Recorded information
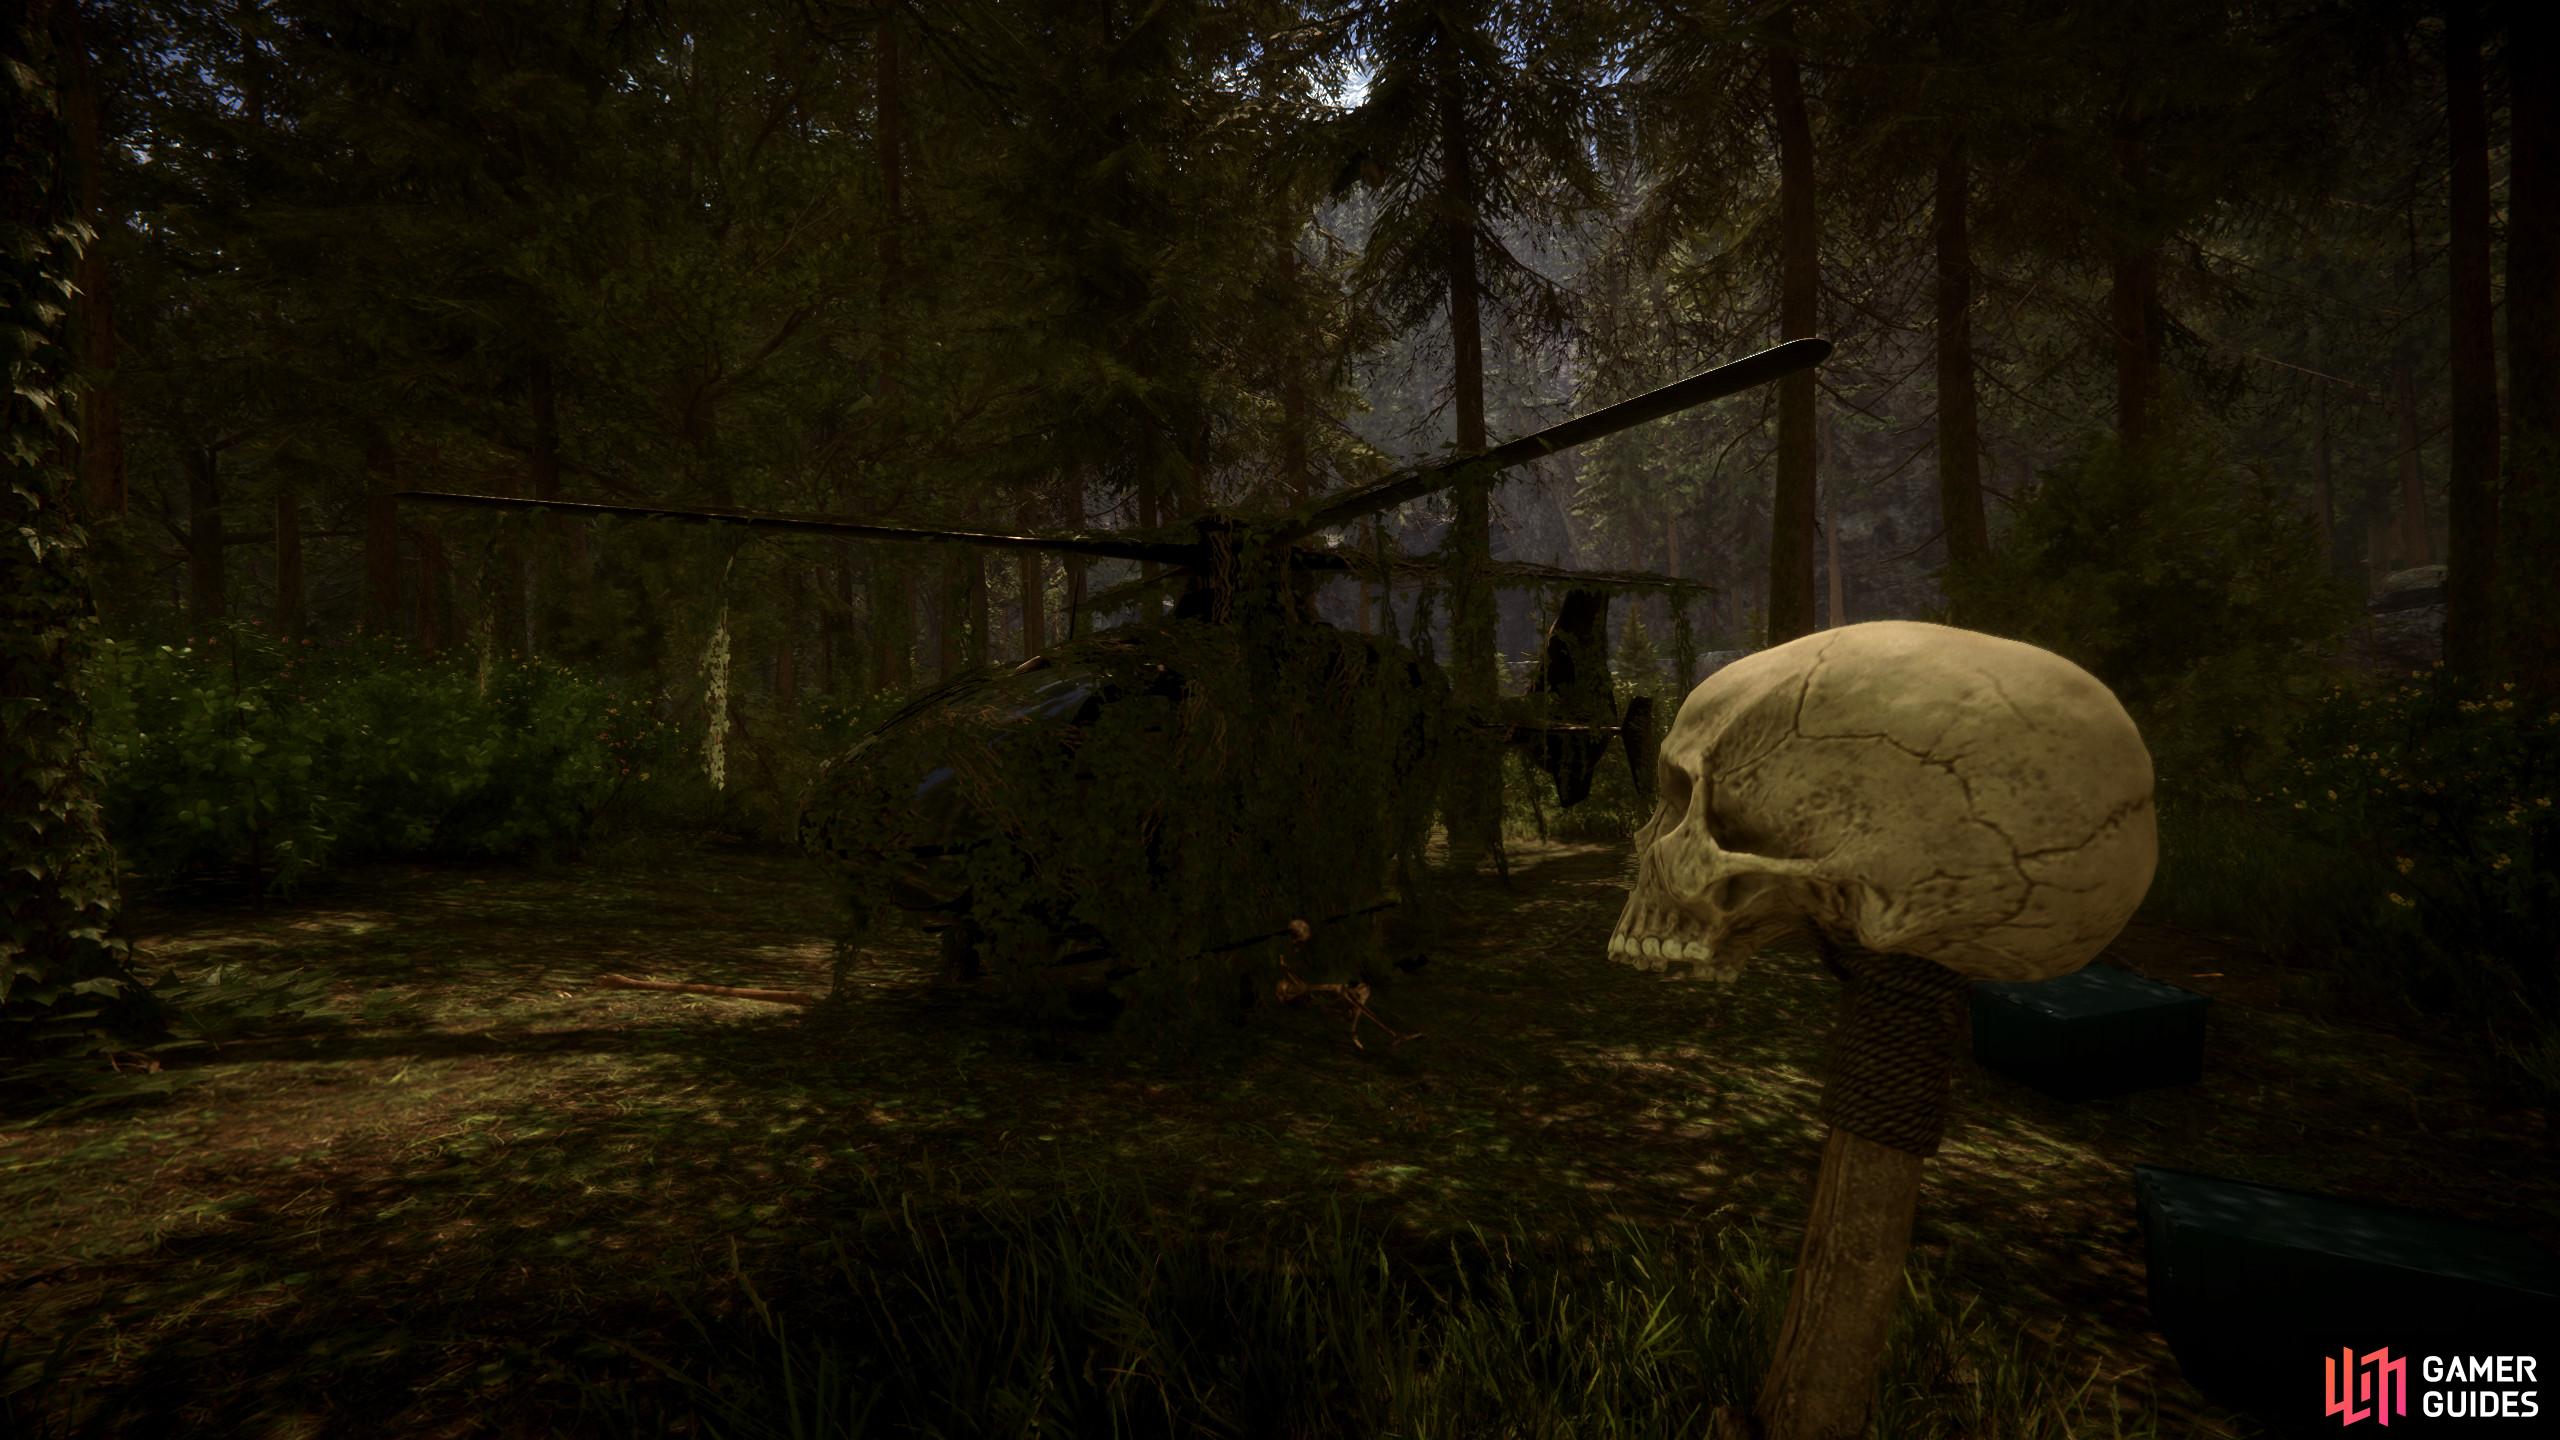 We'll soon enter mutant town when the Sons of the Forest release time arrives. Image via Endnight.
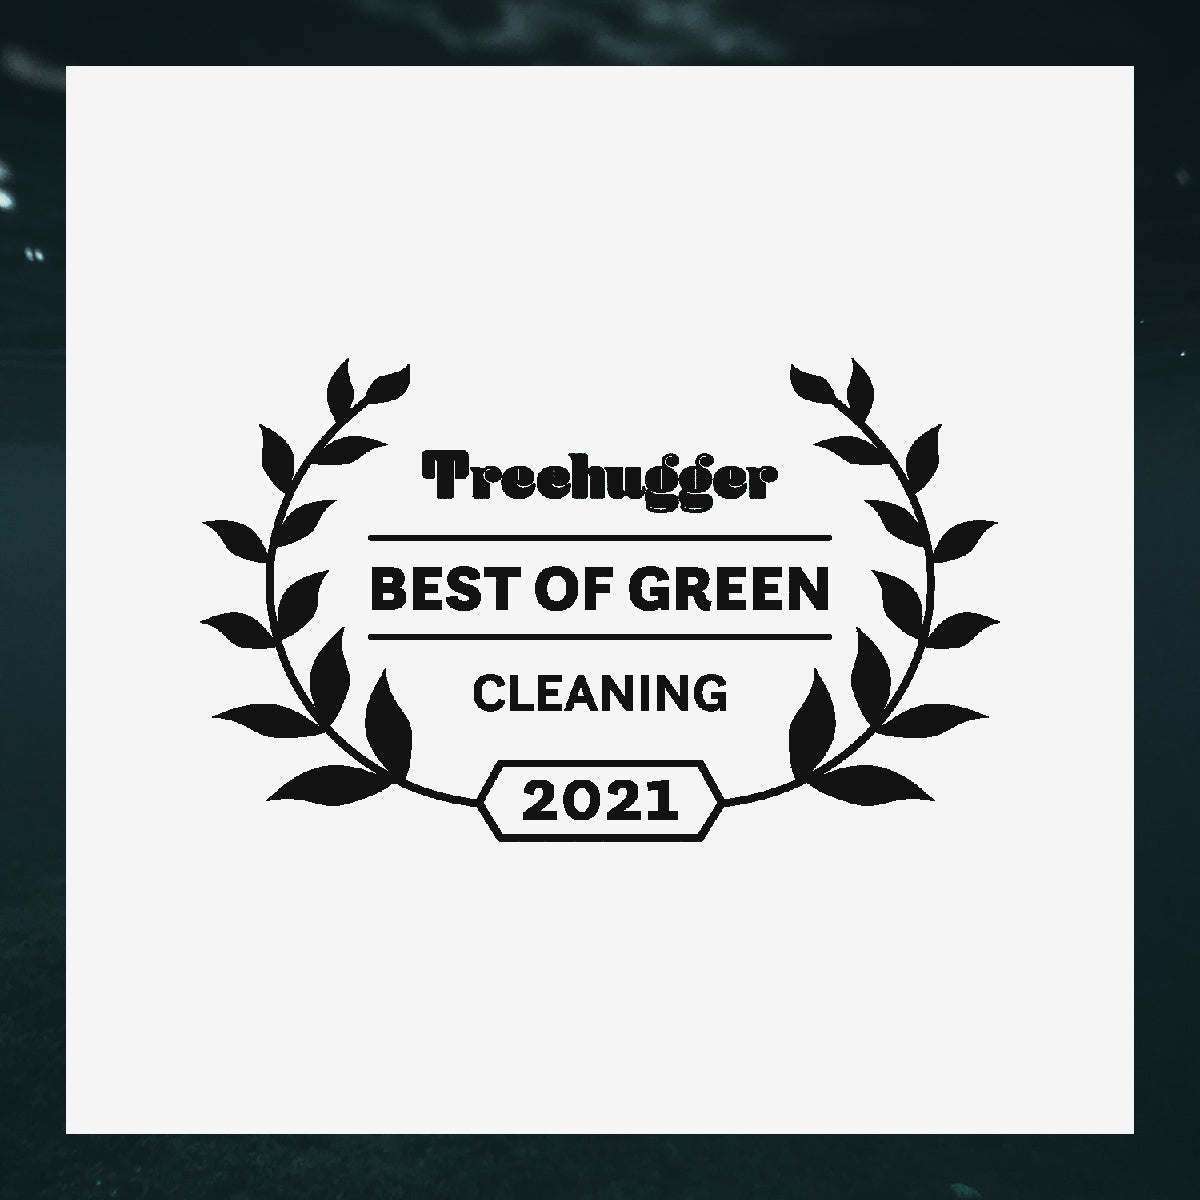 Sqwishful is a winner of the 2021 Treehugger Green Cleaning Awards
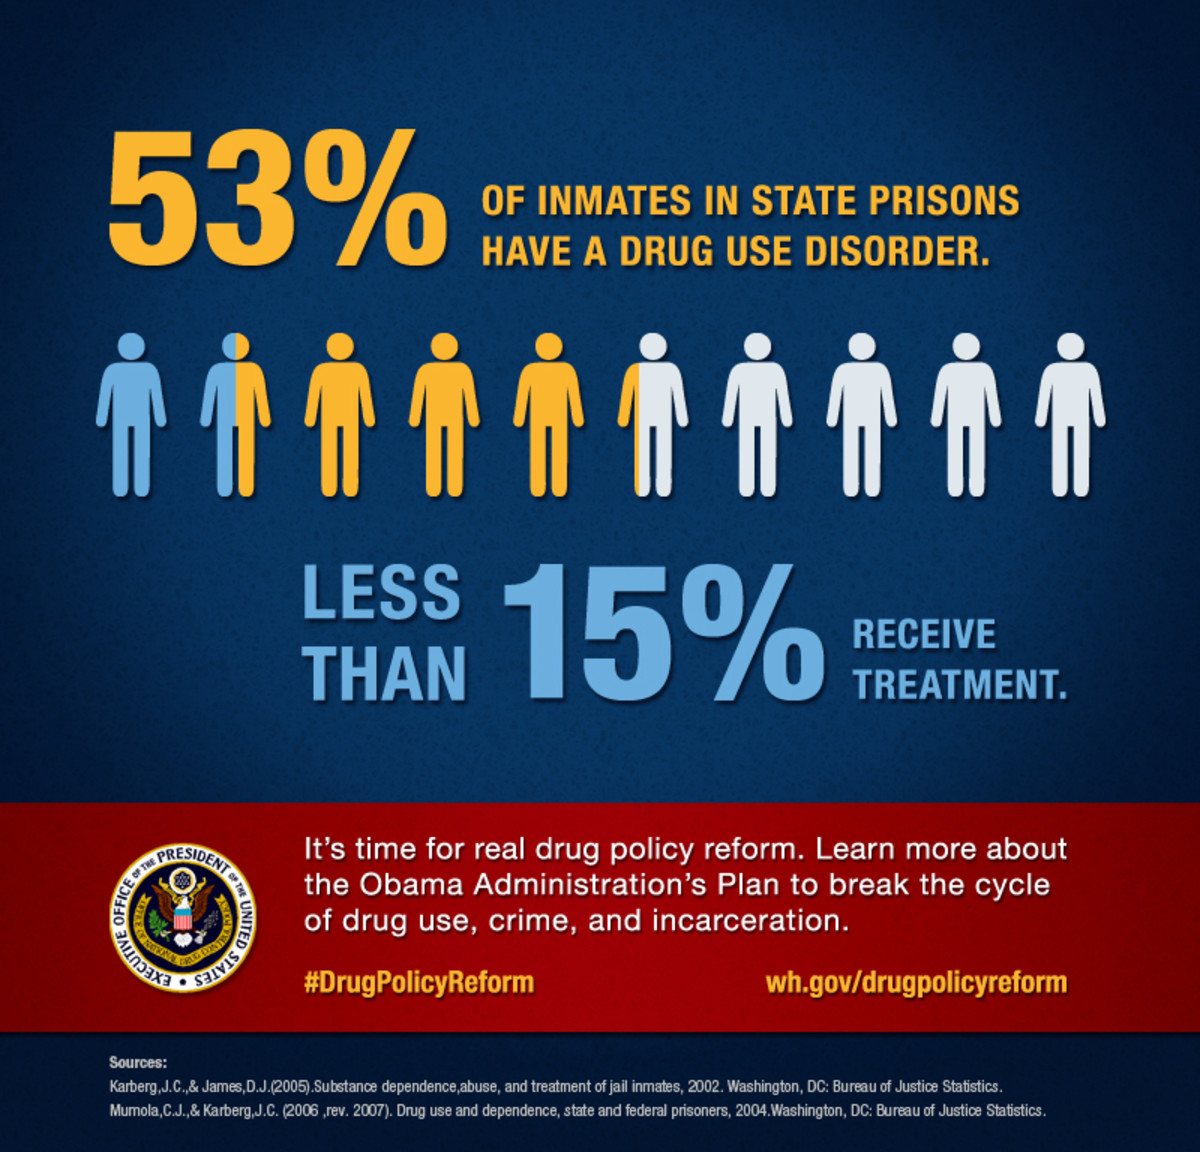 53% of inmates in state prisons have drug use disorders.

Exercise details
A verbatim transcript of the material above, with images dropped, is the expected output.

Response to the exercise
 We'll soon enter mutant town when the Sons of the Forest release time arrives. Image via Endnight.
 Sqwishful is a winner of the 2021 Treehugger Green Cleaning Awards
 53% of inmates in state prisons have drug use disorders.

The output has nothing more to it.